While most of the above capabilities are part of existing data management platforms for the enterprise, one important capability that is part of data fabric platform is the data virtualization.

Data virtualization creates a data abstraction layer by connecting, gathering, and transforming data silos to support real-time and near real-time insights. It gives you direct access to transactional and operational systems in real-time whether on-premise or cloud.

The following is one of the basic implementations of data virtualizations whereby an external data source is queried natively without actually moving the data.  In the below example, a Hadoop HDFS  data source is  queried from a data fabric platform such that the external data can be integrated  with other data.

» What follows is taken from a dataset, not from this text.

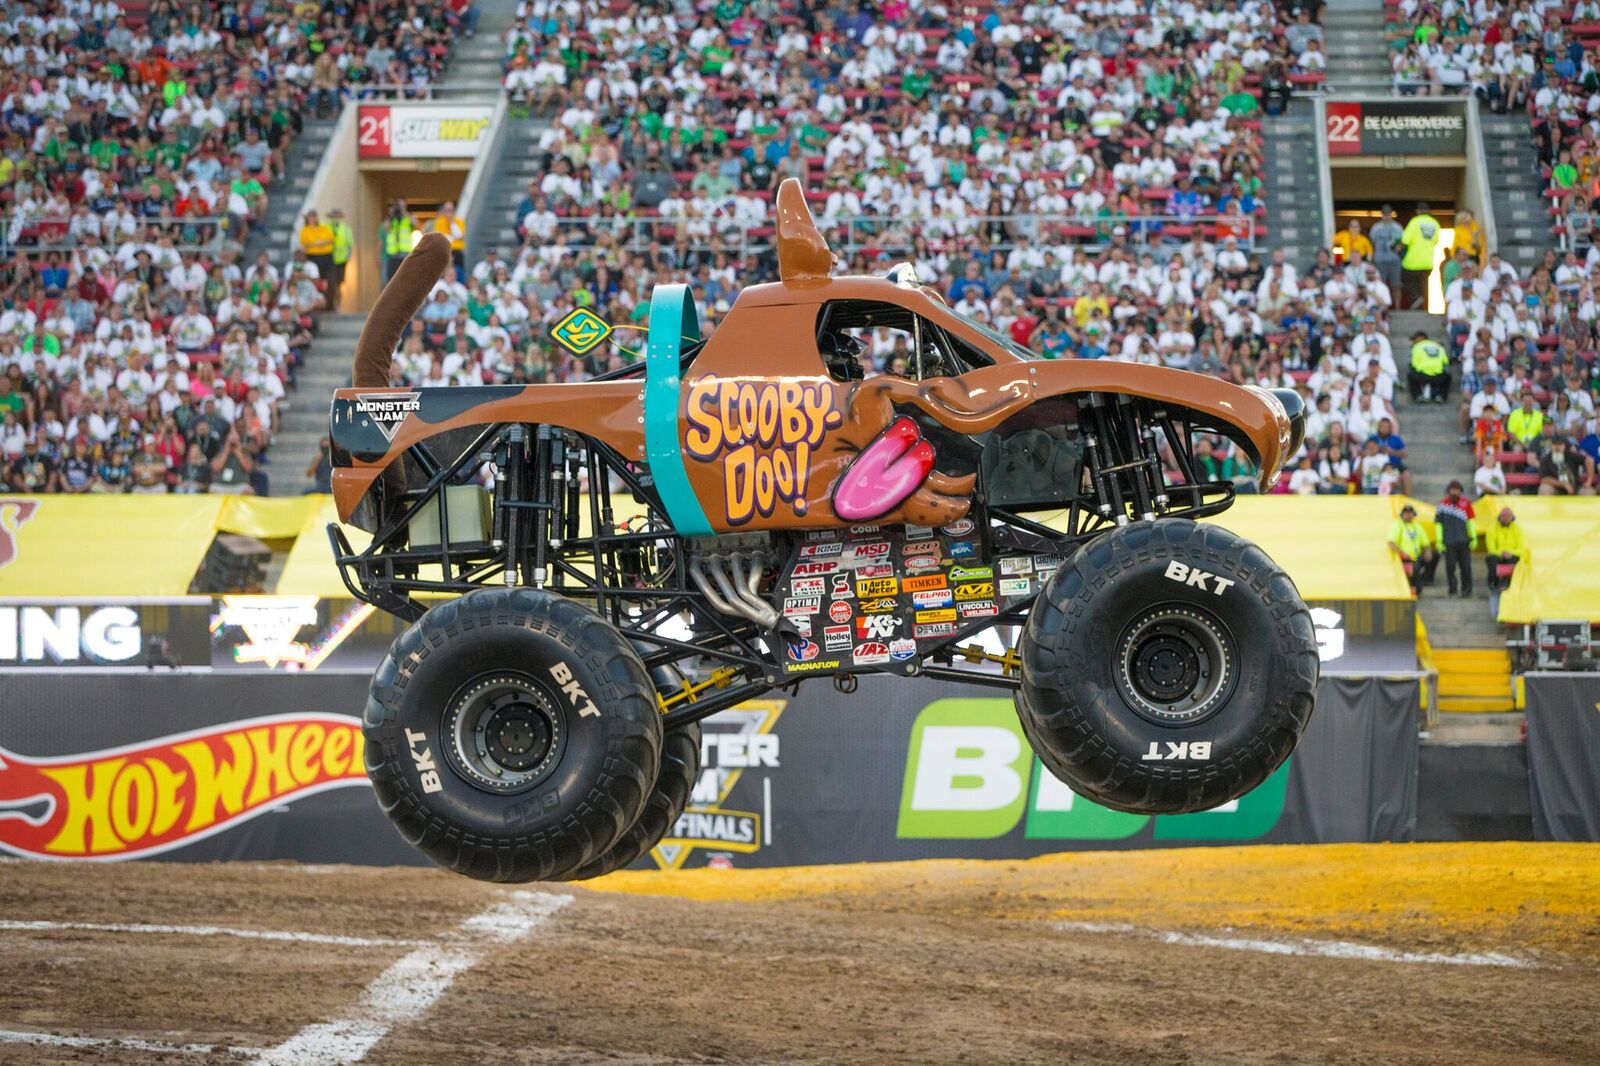 Tampa Monster Jam Tickets and Giveaway MULTICULTURAL MAVEN
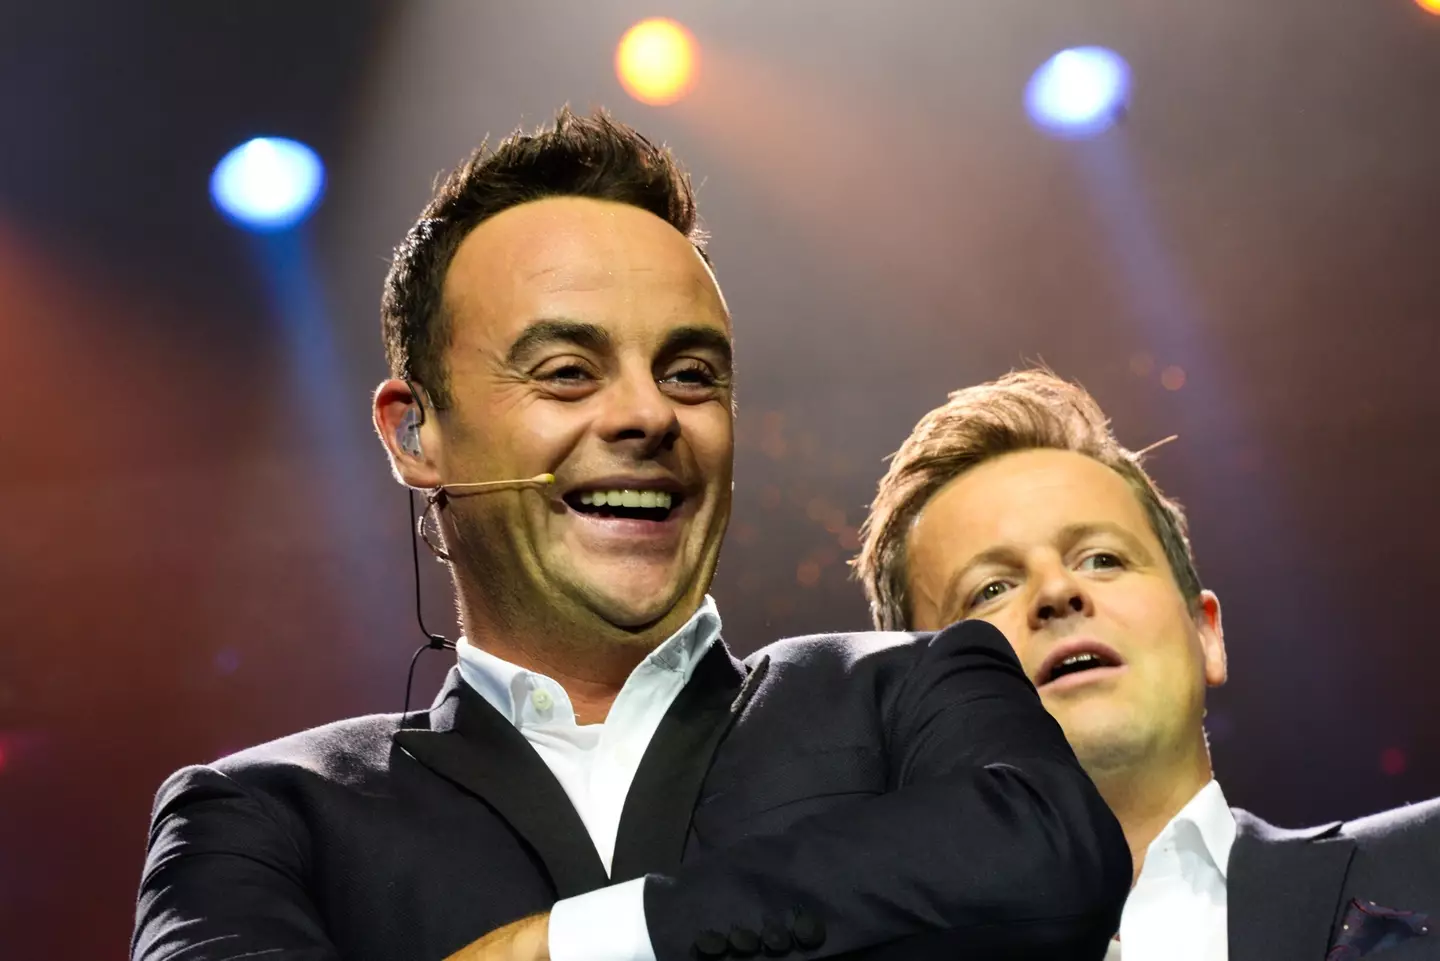 Ant and Dec found Matt Hancock's I'm A Celeb appearance just as hard as you did.

AI Devops Automation Service Tools

While this kind of external data source access it there for a while, data fabric also aims to solve the performance issues associated with the data virtualization. Some of the techniques used by data fabric platforms are:

  • Pushes some computations to the external source to optimize the overall query 
  • Scales out computer resources by providing parallelism

Multi Cloud   

As explained earlier, one another critical capability of data fabric platforms is its ability to integrate data from multi cloud providers. This is at the early stages as different cloud platforms have different architecture and no uniform way of connectivity between them. However, this feature will grow in the coming days.

Advanced Use Cases 

Data fabric should support advanced use cases like Customer 360, Product 360, etc. These are basically comprehensive view of all linkages between enterprise data typically implemented using graph technologies. Since data fabric supports graph databases and graph queries as an inherent feature, these advanced linkages are part of the data fabric platform.

Data Sharing  

Data fabric platforms should also focus on data sharing, not within the enterprise but also across enterprise. While focus on API management helps with data sharing, this functionality has to be enhanced further as data sharing also needs to take care of privacy and other data governance needs.

Data Lakes 

While the earlier platforms similar to data fabric have worked on the enterprise data warehouse as a backbone, data fabric utilizes a data lake as it is the backbone. A data lake is a centralized repository that allows you to store all your structured and unstructured data at any scale. You can store your data as-is, without having to first structure the data, and run different types of analytics – from dashboards and visualizations to big data processing, real-time analytics, and machine learning to guide better decisions.

Data Fabric Players

At the time of writing this article, there are no ratings from Gartner in the form of magic quadrant for Data Fabric Platforms. However, there is a report from Forrester which ranks data fabric platforms in the form of a Forrester Wave.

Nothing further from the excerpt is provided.